Il regardait compulsivement sa montre toutes les deux minutes,
Nerveux, fébrile,
Manifestement angoissé par l'idée que le temps puisse s'arrêter
Ou lui échapper.
14h35.
Soudain le train entra en gare,
Avec vingt bonnes minutes de retard.
Son regard scrutait les quais agités, inquiet.

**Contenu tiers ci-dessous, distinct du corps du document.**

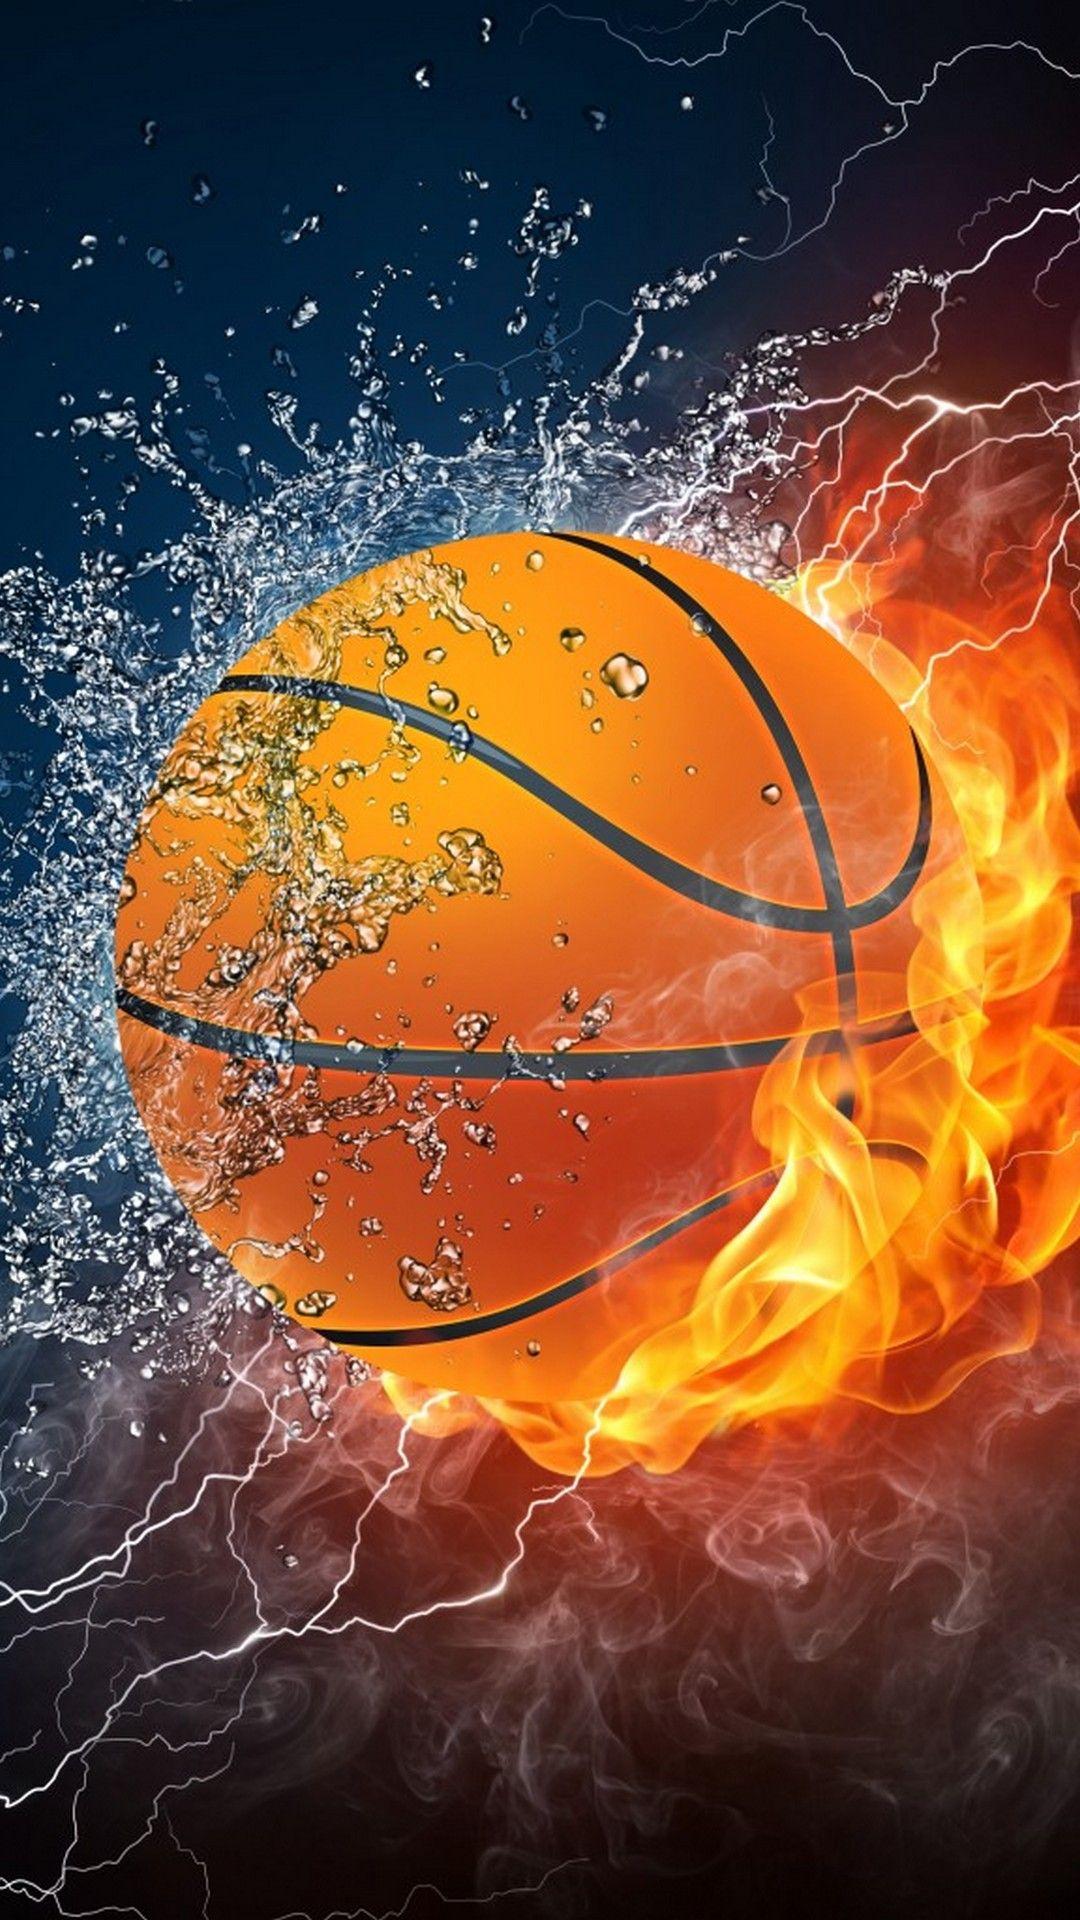 Basketball Mobile Wallpaper 2021 Basketball Wallpaper 1080x1920

Après trois ou quatre passages sous la grande horloge prévue
Comme lieu de rendez-vous,
Il dut se rendre à l'évidence:
Elle n'était pas venue.
Une brève consultation de son journal d'appels.
Vierge.
Après un quart d'heure d'attente stérile,
Désolé, désoeuvré,
Le voilà reparti en taxi, seul.
Même pas le goût de suivre la conversion engagée par le chauffeur
Sur les considérations météorologiques du jour.
15h45.
Alors qu'il dégraffait son bouton de chemise, comme pour mieux respirer,
Au coeur d'un bouchon boulevard Marceau,
Son portable vibra.
Et lui aussi.
Il se jeta sur l'écran bleuté et ouvrit le texto illico.
C'était elle!
Il eut à peine le temps de lire " je t ..." que son i-phone le lâcha.
Panne de batterie.
Saisi de panique, il jeta dix euros au chauffeur
Et quitta le taxi en courant vers la gare.
Qu'avait-elle écrit?
" Je t'attends sous la grande horloge "?
" Je t'en prie rappelles-moi "?
" Je t'aime, ne t'inquiète pas, j'arrive "?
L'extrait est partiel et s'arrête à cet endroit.